# Exercise details
Reproduce, without alteration, every line of the data; exclude the images.

# Source material
────
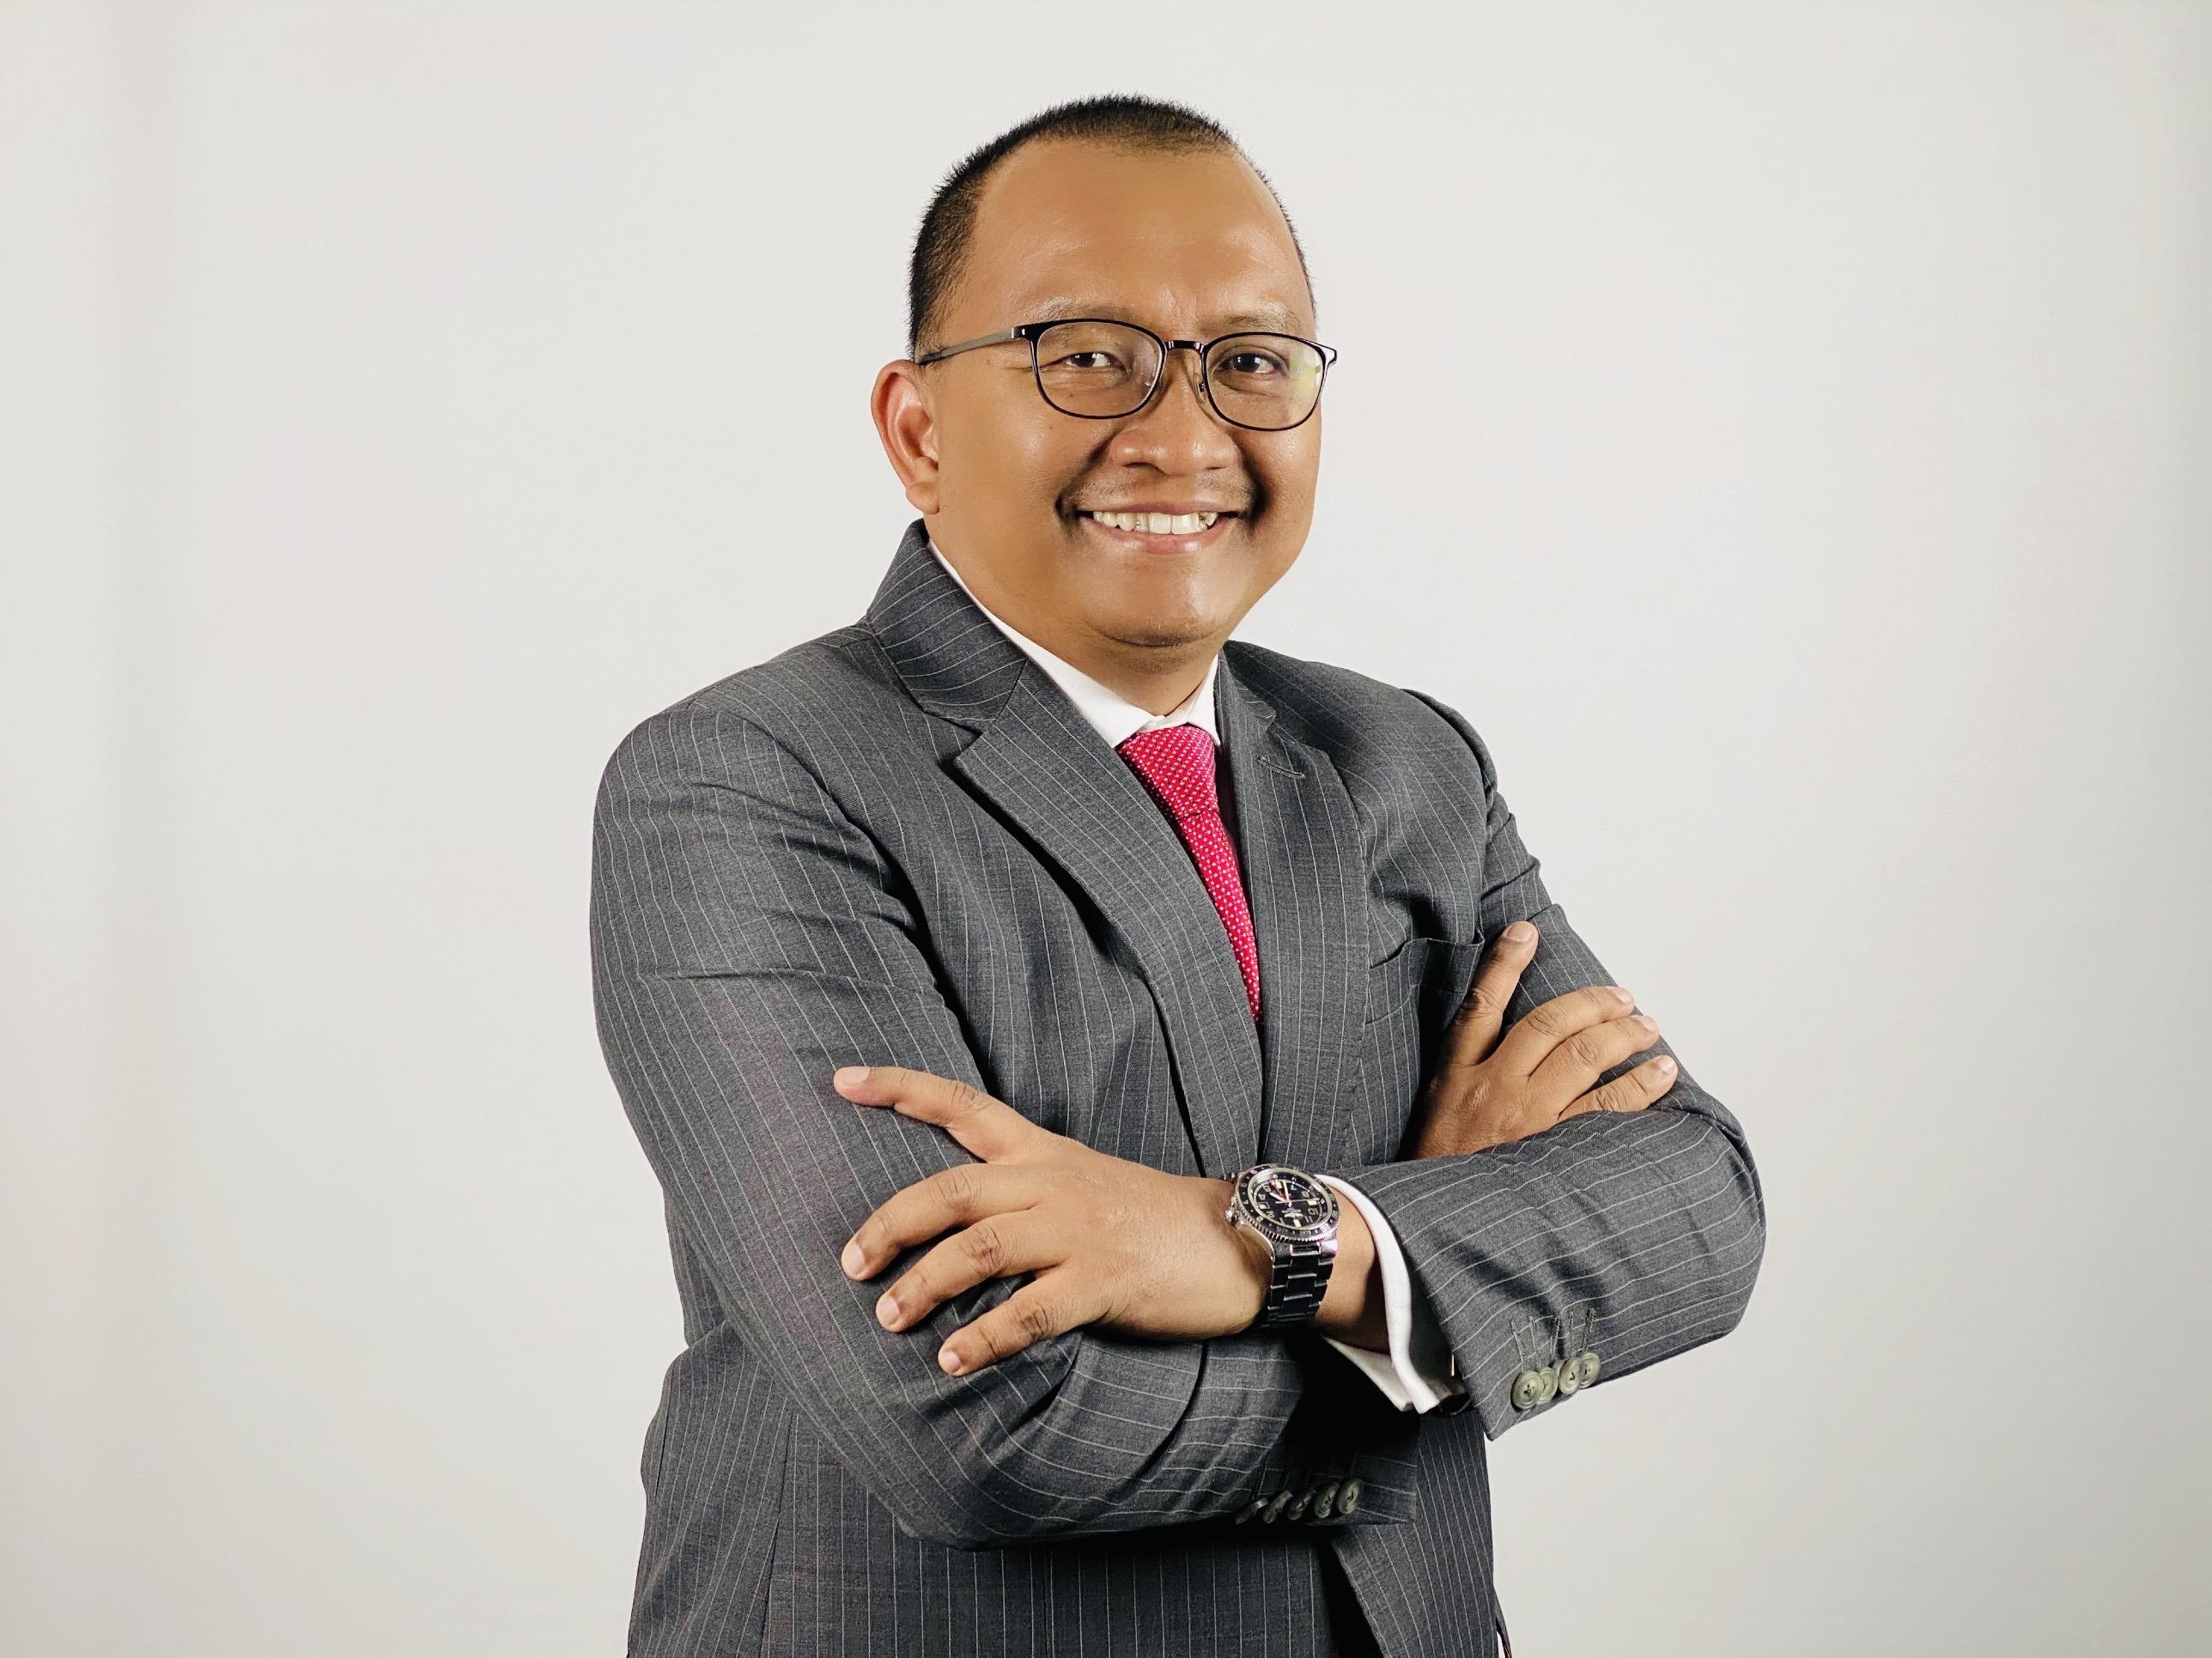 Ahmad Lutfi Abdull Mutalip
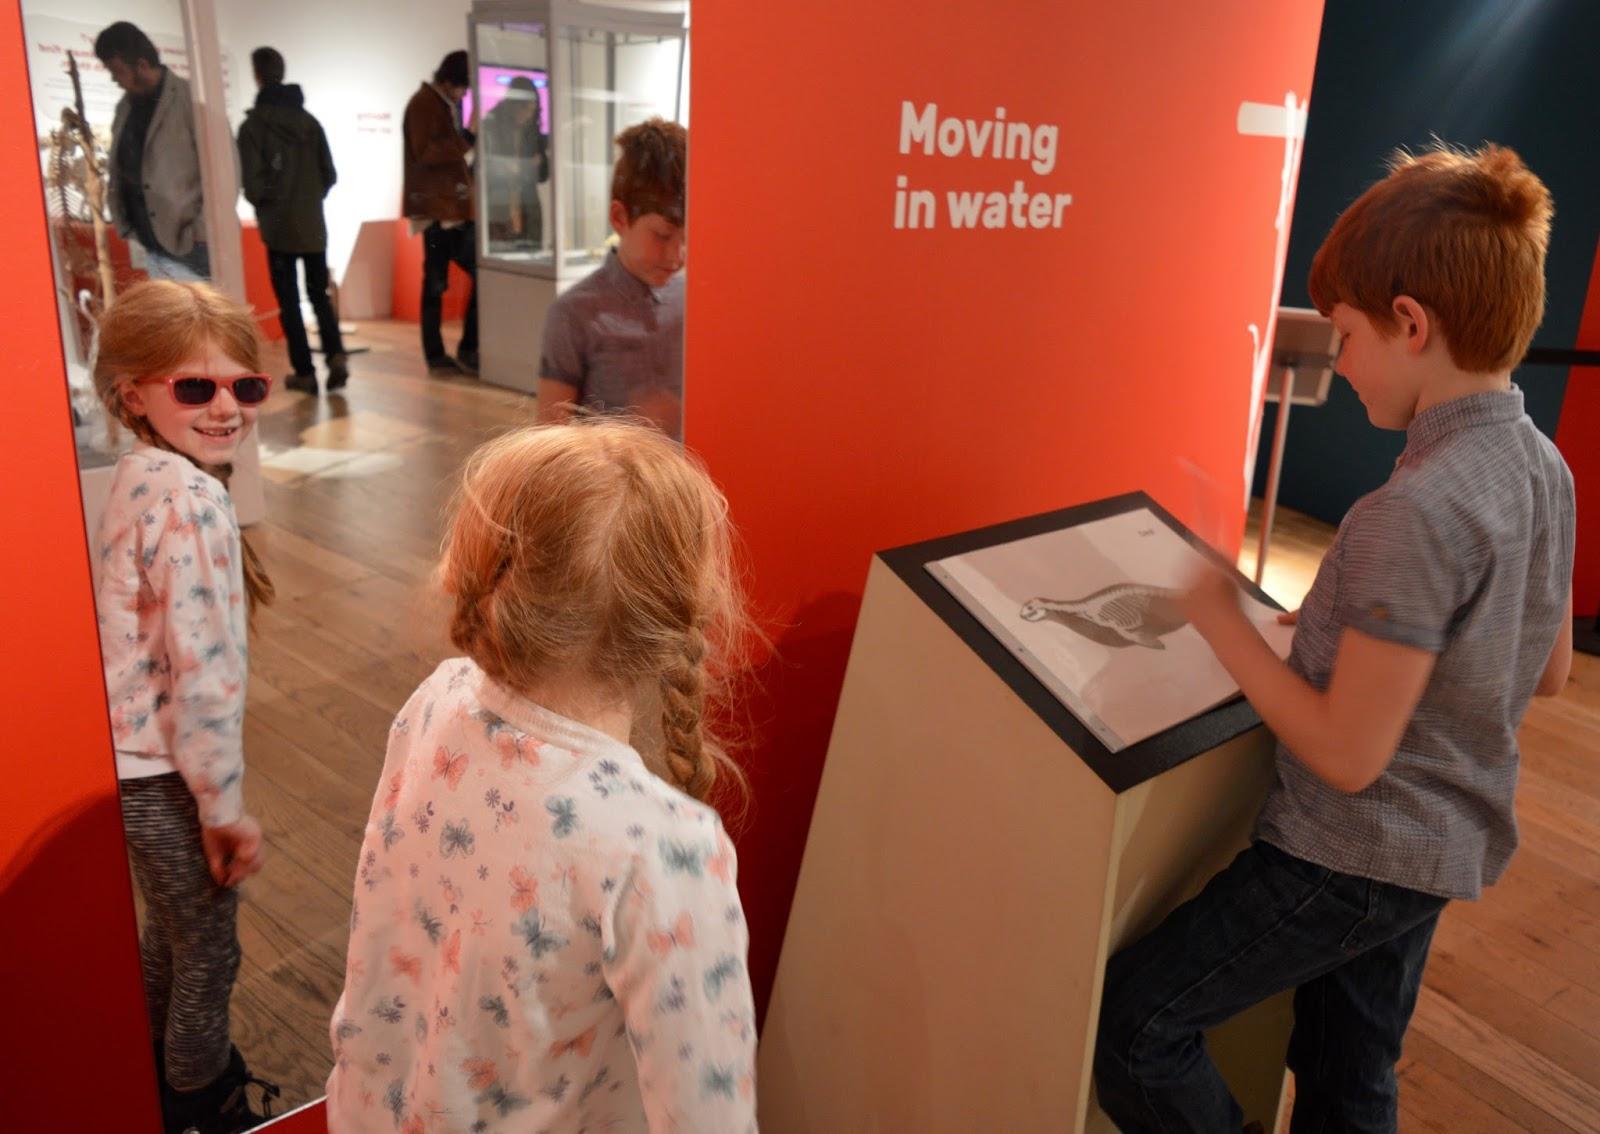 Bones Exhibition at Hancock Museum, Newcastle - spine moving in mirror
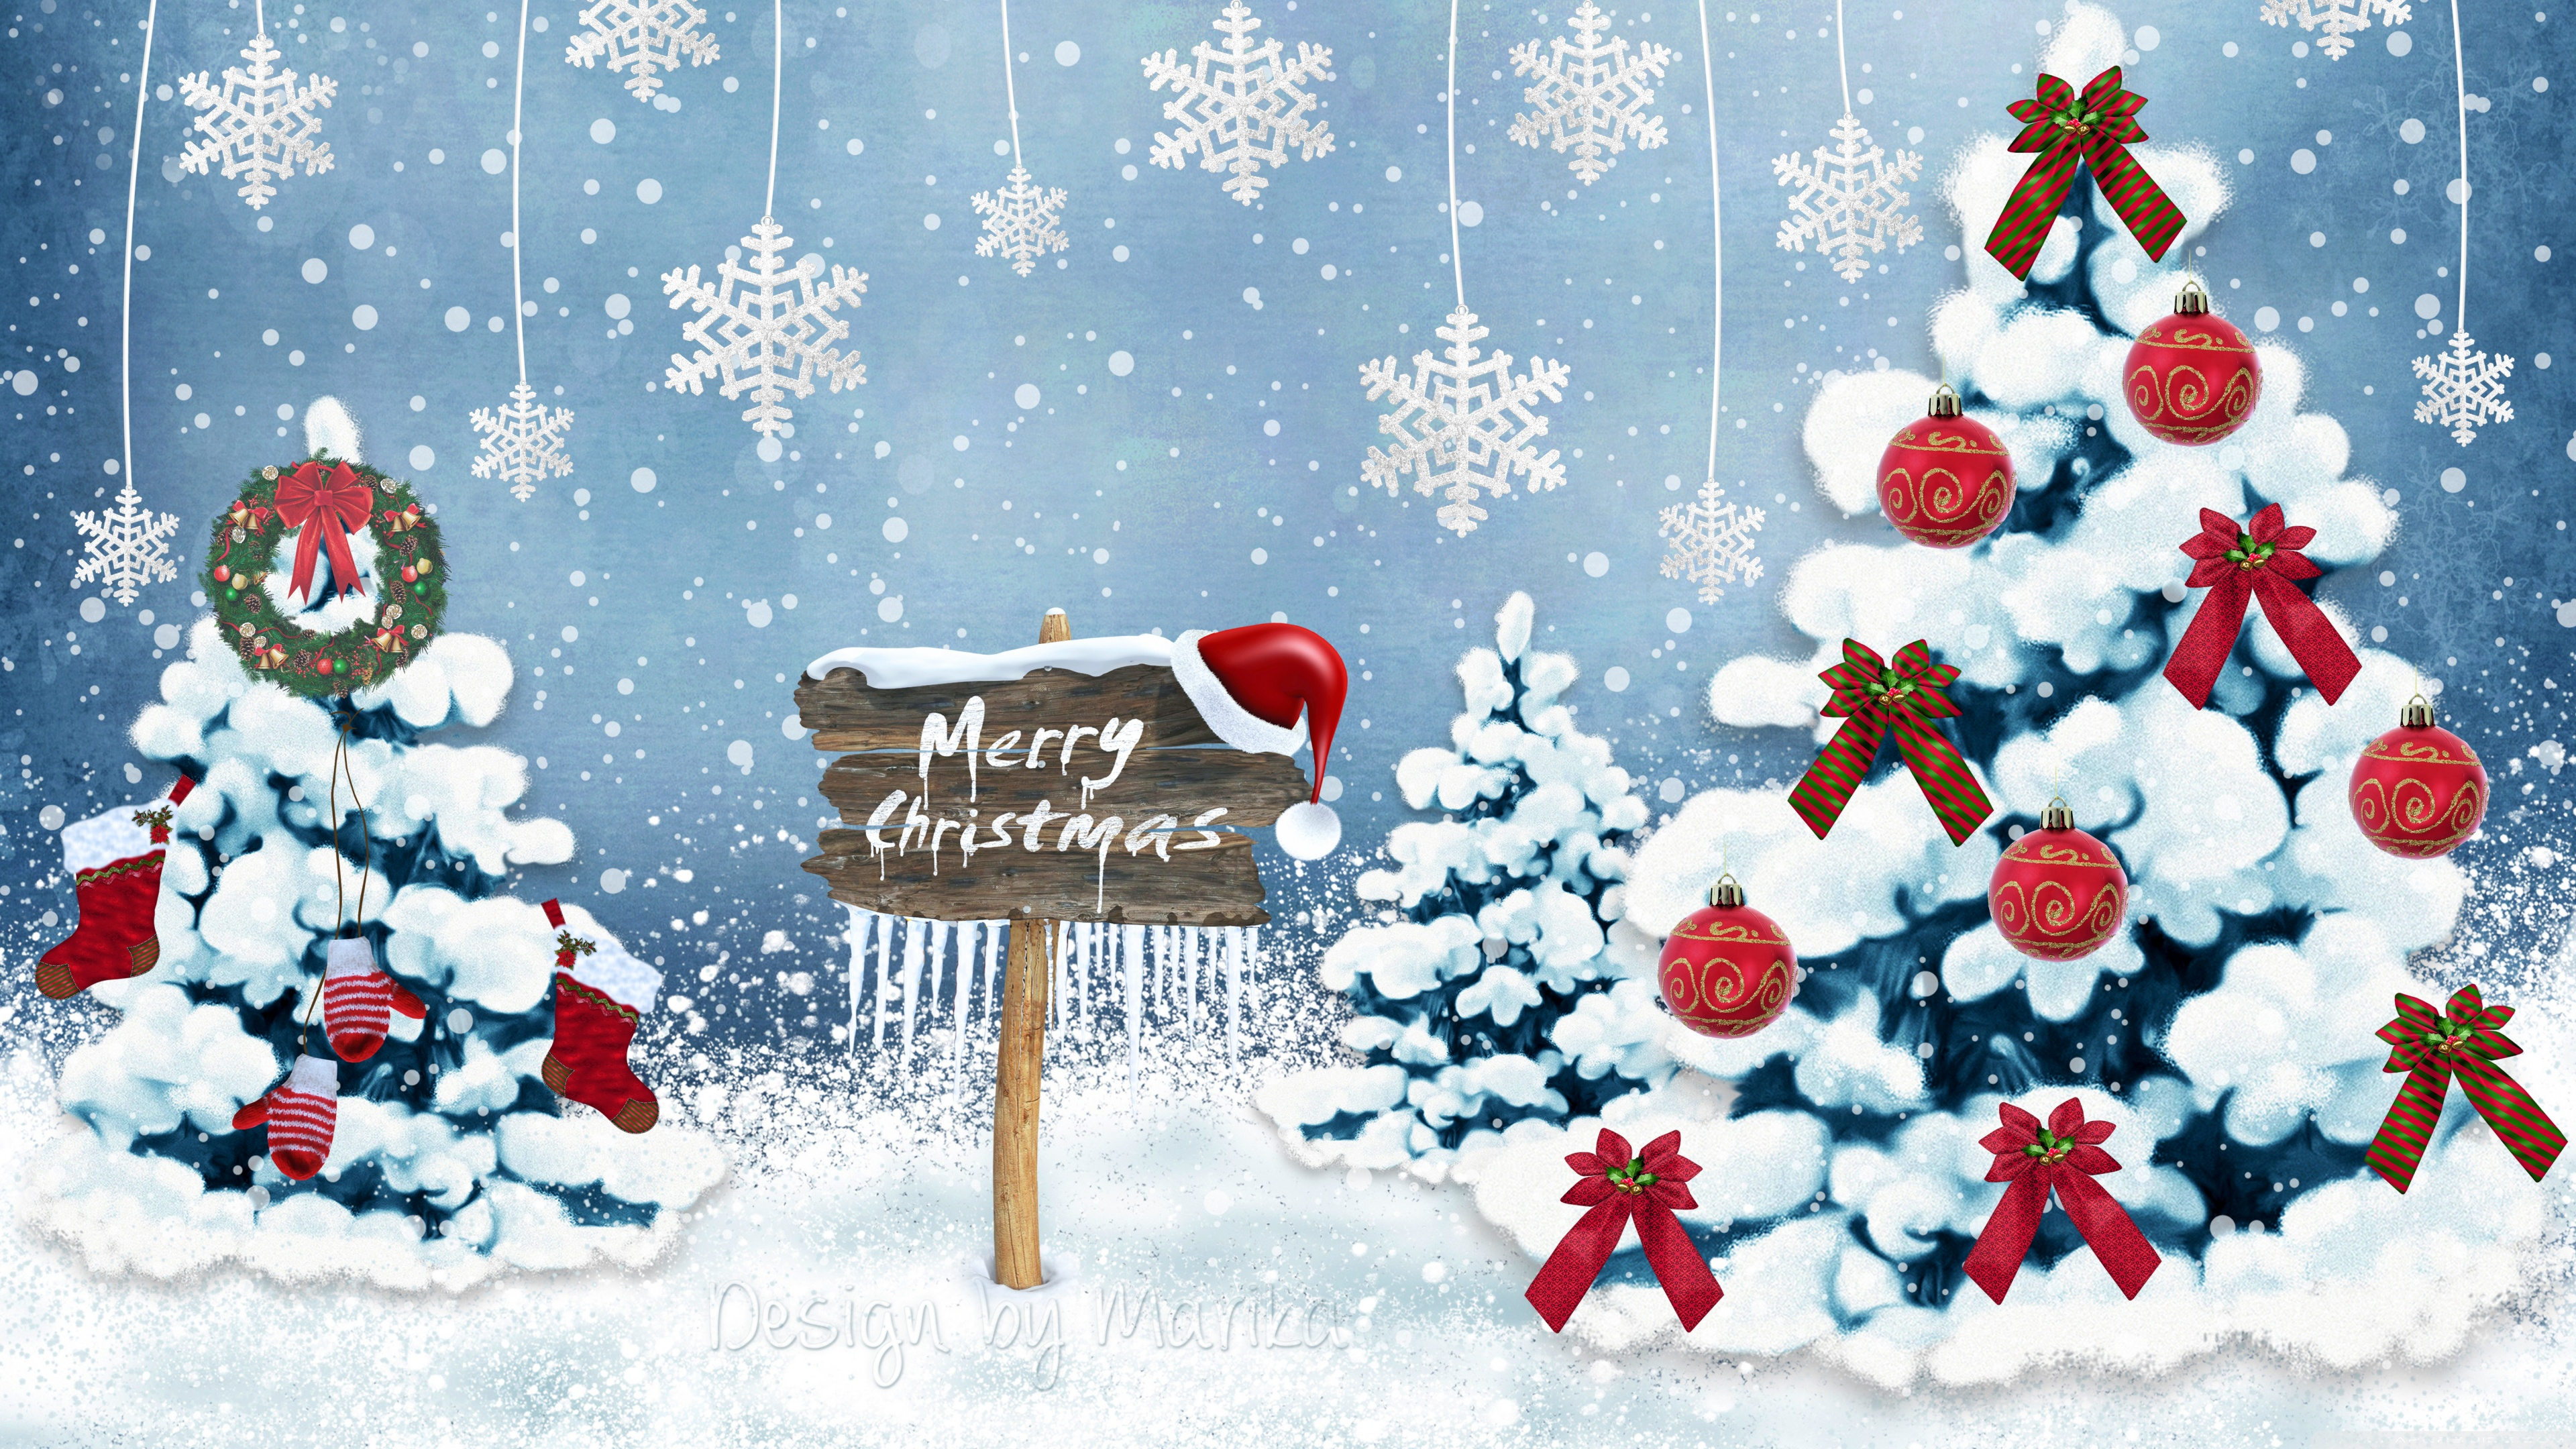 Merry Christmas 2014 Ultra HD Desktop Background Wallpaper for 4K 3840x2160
────
# Task response
 Ahmad Lutfi Abdull Mutalip
 Bones Exhibition at Hancock Museum, Newcastle - spine moving in mirror
 Merry Christmas 2014 Ultra HD Desktop Background Wallpaper for 4K 3840x2160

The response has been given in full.